I don't exactly remember when I learned this valuable lesson, but maybe it wasn't all at once. Maybe it came in bits and pieces, as I stumbled through the wreckage of my life in my early to mid twenties. Maybe I learned pieces of self-confidence after literally being beaten down in Texas...maybe I learned that if I set my mind to it, I can achieve anything when I made the decision that no person will ever control my life ever again. Maybe I learned how to be strong and independent while working as a Deputy Sheriff in Lincoln County, or maybe I had already learned that lesson before getting there. Maybe being chosen #1 out of 600 (yes SIX HUNDRED) applicants for a position helped with that confidence.

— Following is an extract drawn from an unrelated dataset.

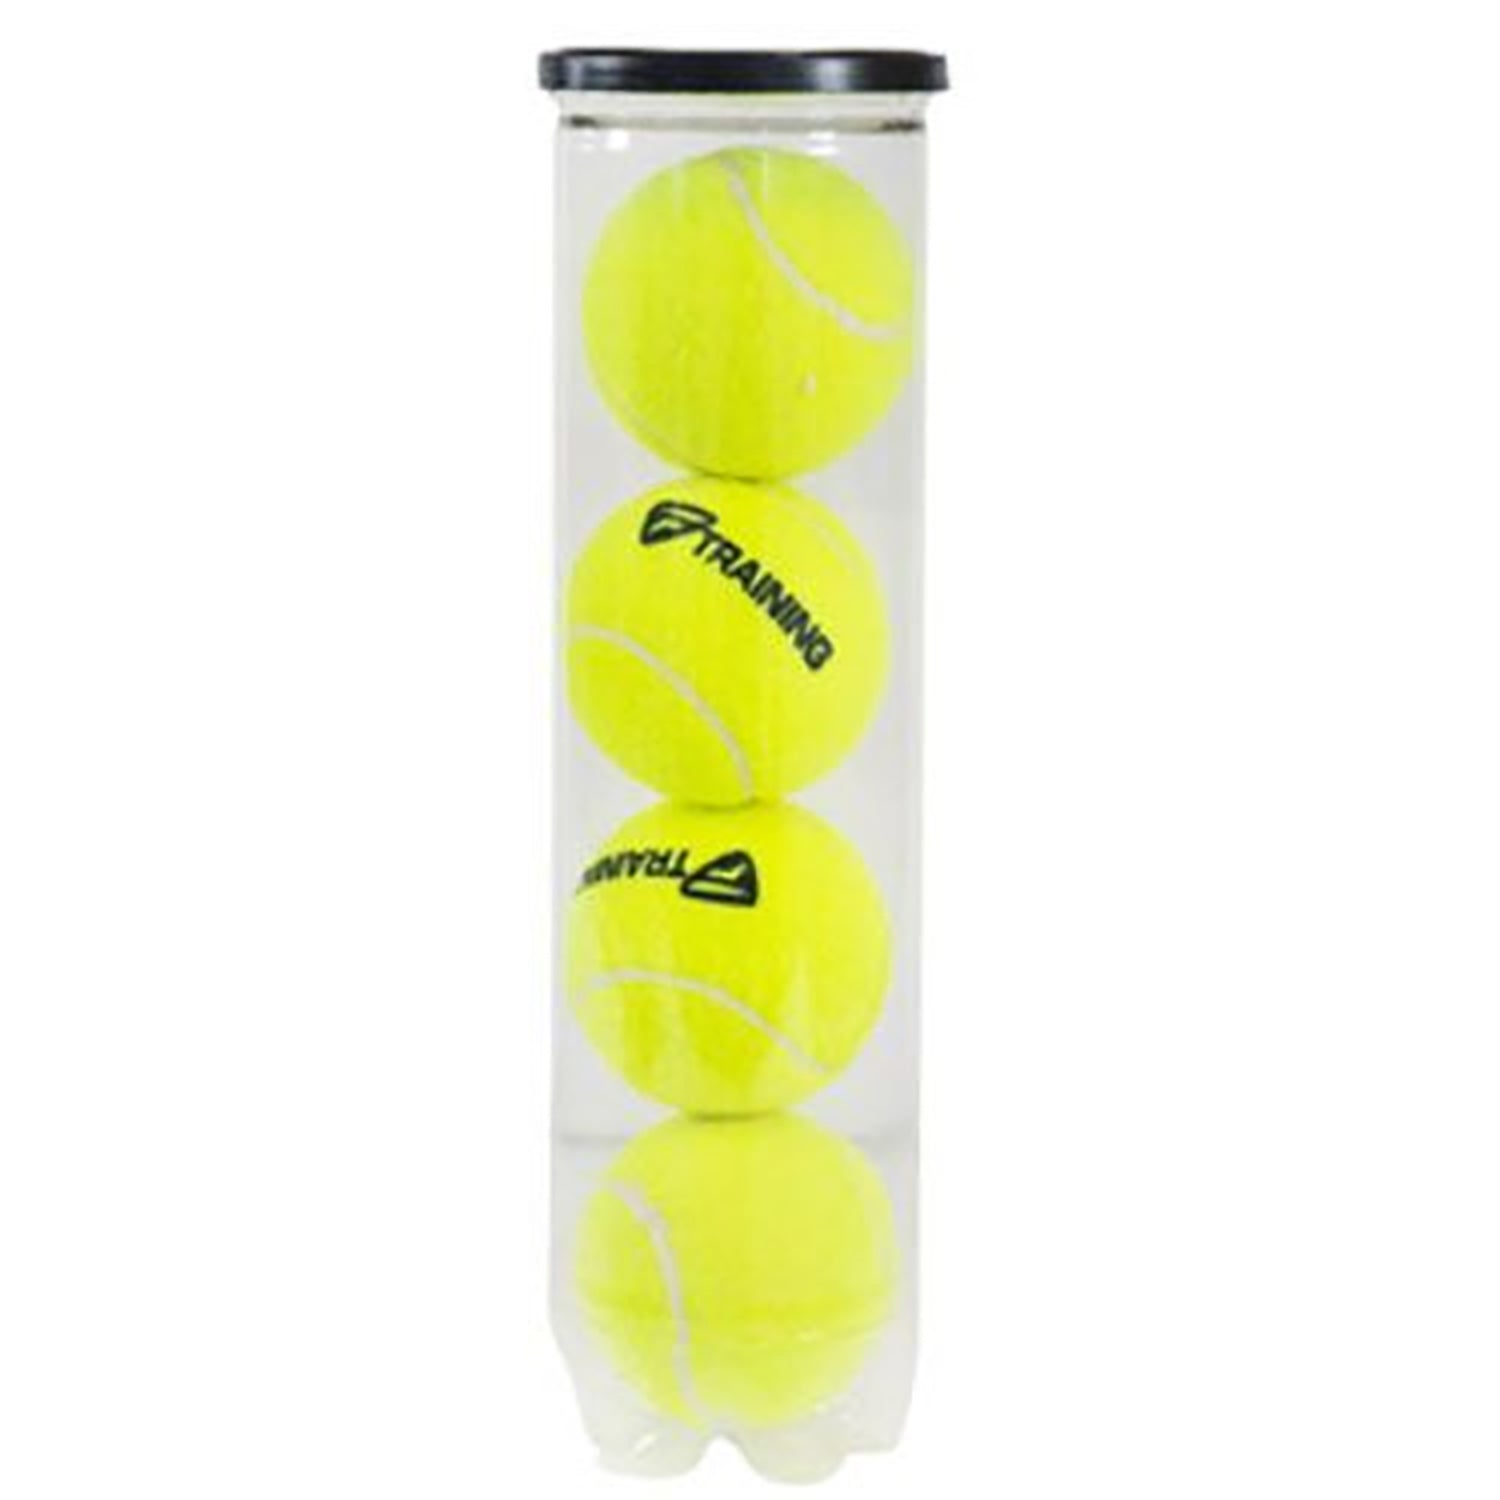 Tecnifibre Training New Tennis Balls Dozen, 3 Cans (4 Ball Per Can) - Best Price online Prokicksports.com

Maybe it was Mia Tuan, my amazing professor at the University of Oregon who inspired me to achieve, or maybe it was Dr. Robert Proudfoot who really gave me the lift, when he asked me to run for Co-Director of the Native American Student Union.....when I had absolutely NO intention of running for the position. Maybe it was earlier, getting support and encouragement as a student at Chemeketa. It could have been something I learned in the classes for Human Services...it could have been anything, but all I know is that I am glad that I found it.

I am driven. I am inspired. I am passionate. I am a leader. I may not know how I got here, but I know where I am going, and I know what makes me happy. I know what drives me. I almost think I know myself, and that.....that is a very very good thing. I may not become the "Politician" or "Corporate Trainer" that my profile suggests, but I will do great things, I will.